After a report in TechCrunch, the social media giant admitted that its top executives, including CEO Mark Zuckerberg, can delete, or "unsend," messages that have already landed in another user's inbox. TechCrunch's Josh Constine explained the problem with this:
However, Facebook never publicly disclosed the removal of messages from users’ inboxes, nor privately informed the recipients. That raises the question of whether this was a breach of user trust.
So how has Facebook responded? By apologizing and pledging to roll out the same feature for everyone. Until you and I and your great-aunt can "unsend" messages, the company's executives will be barred from using the feature.
“We have discussed this feature several times. And people using our secret message feature in the encrypted version of Messenger have the ability to set a timer — and have their messages automatically deleted," a Facebook spokesperson said in a statement. "We will now be making a broader delete message feature available. This may take some time. And until this feature is ready, we will no longer be deleting any executives’ messages. We should have done this sooner — and we’re sorry that we did not."
It's not entirely clear how the new feature will work, but it will likely function similarly to timer available within Facebook's "secret conversations." This allows users to set a timer for the life of a message. When the timer goes off, the message is deleted from the inboxes of both the sender and recipient.

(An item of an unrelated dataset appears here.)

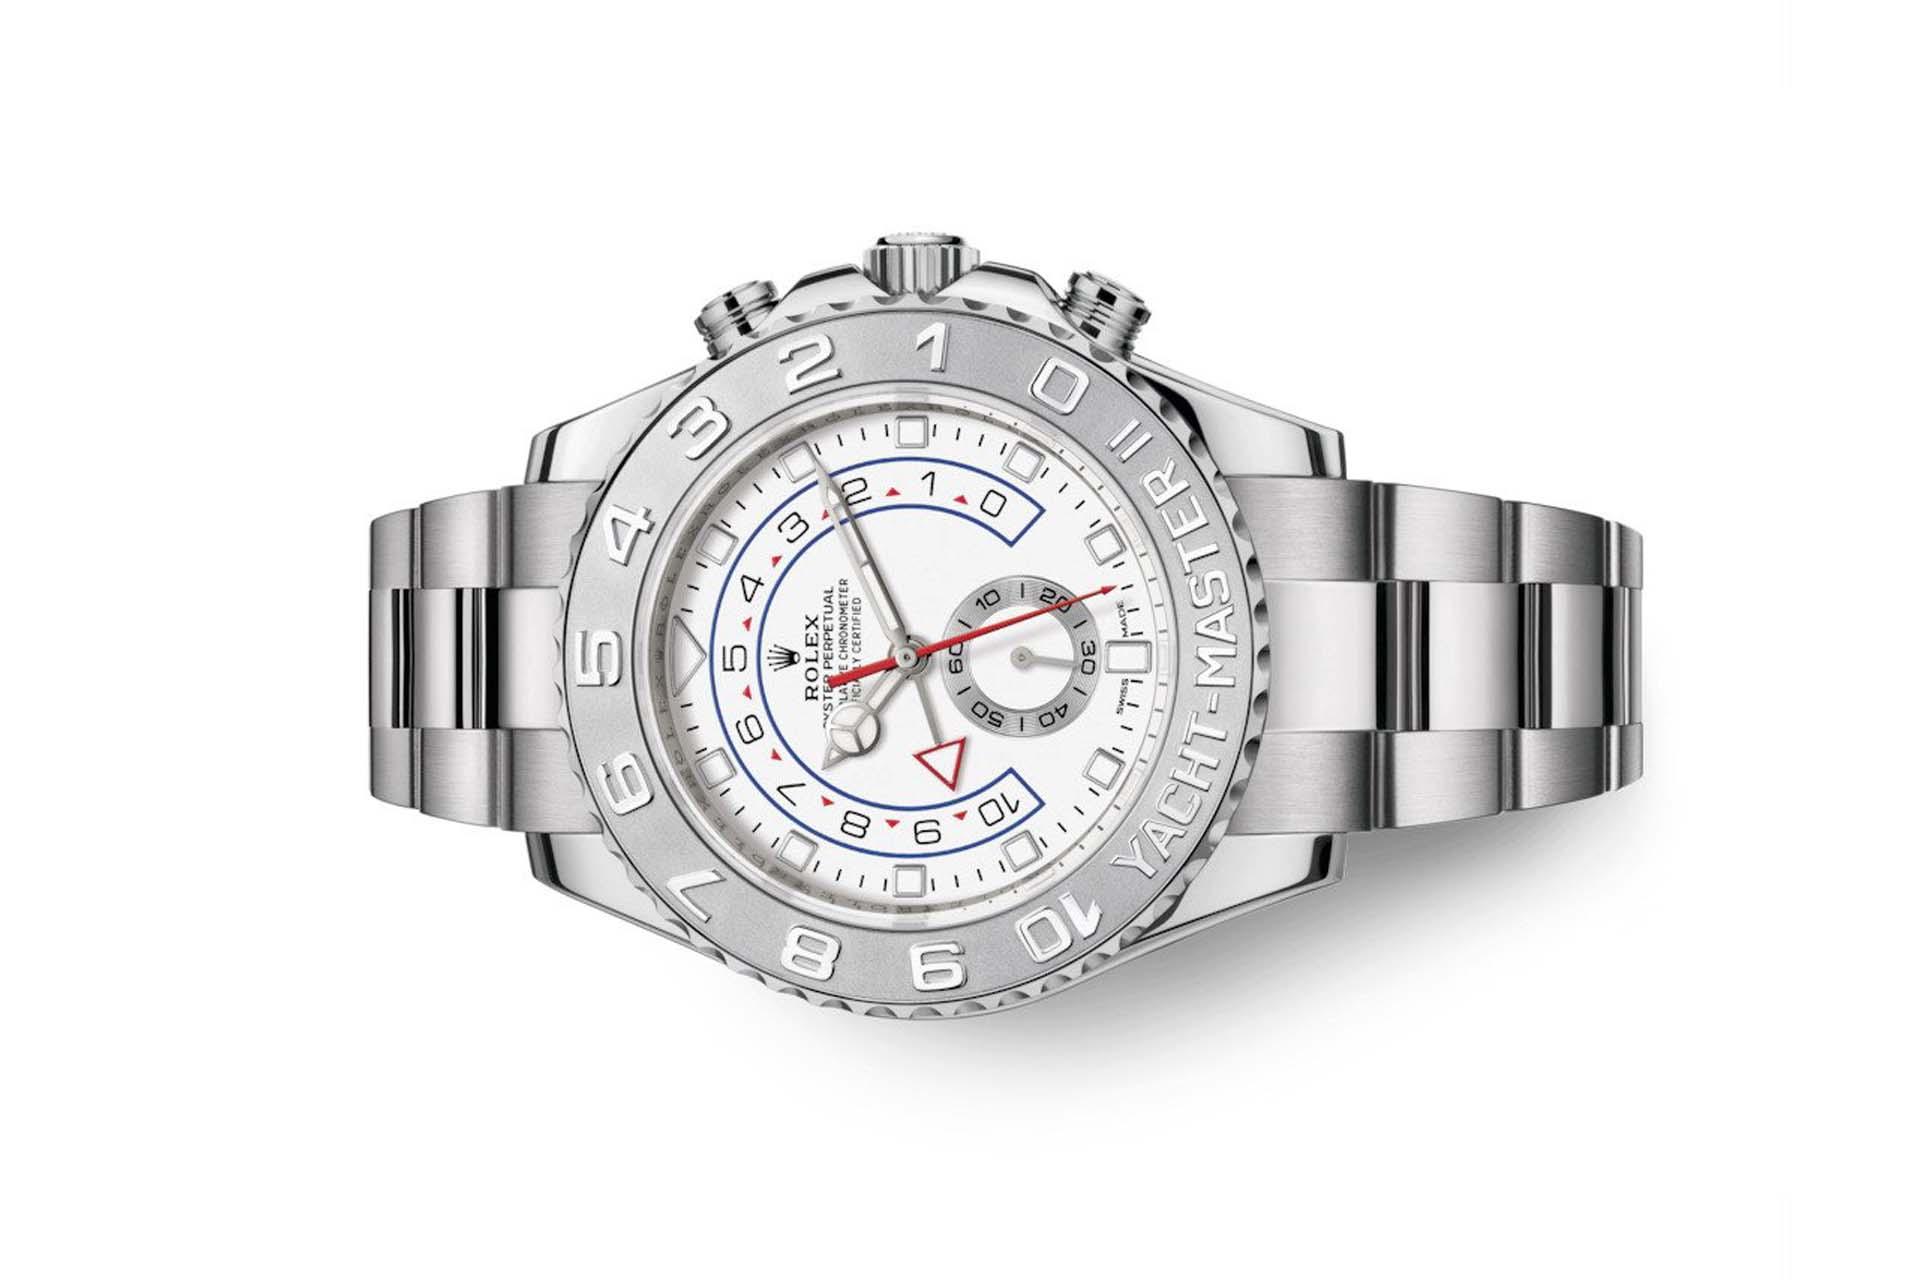 Đồng hồ Rolex Yacht-Master II 116689-0002 Mặt Số Trắng

But there are still al lot of unanswered questions here. For example, would the timer have to be activated at the same time the message is sent? If so, it might not help getting rid of drunk messages fired off at 2am. Rarely are those kinds of bad decisions proceeded by the foresight to set a self-destruct timer.
Still, users will likely welcome this new feature, even if its roll out is coming only because Facebook was caught with its pants down. It's pretty clear that there was little intention to make the "unsend" feature universal, until TechCrunch reported that it was being used by the top brass.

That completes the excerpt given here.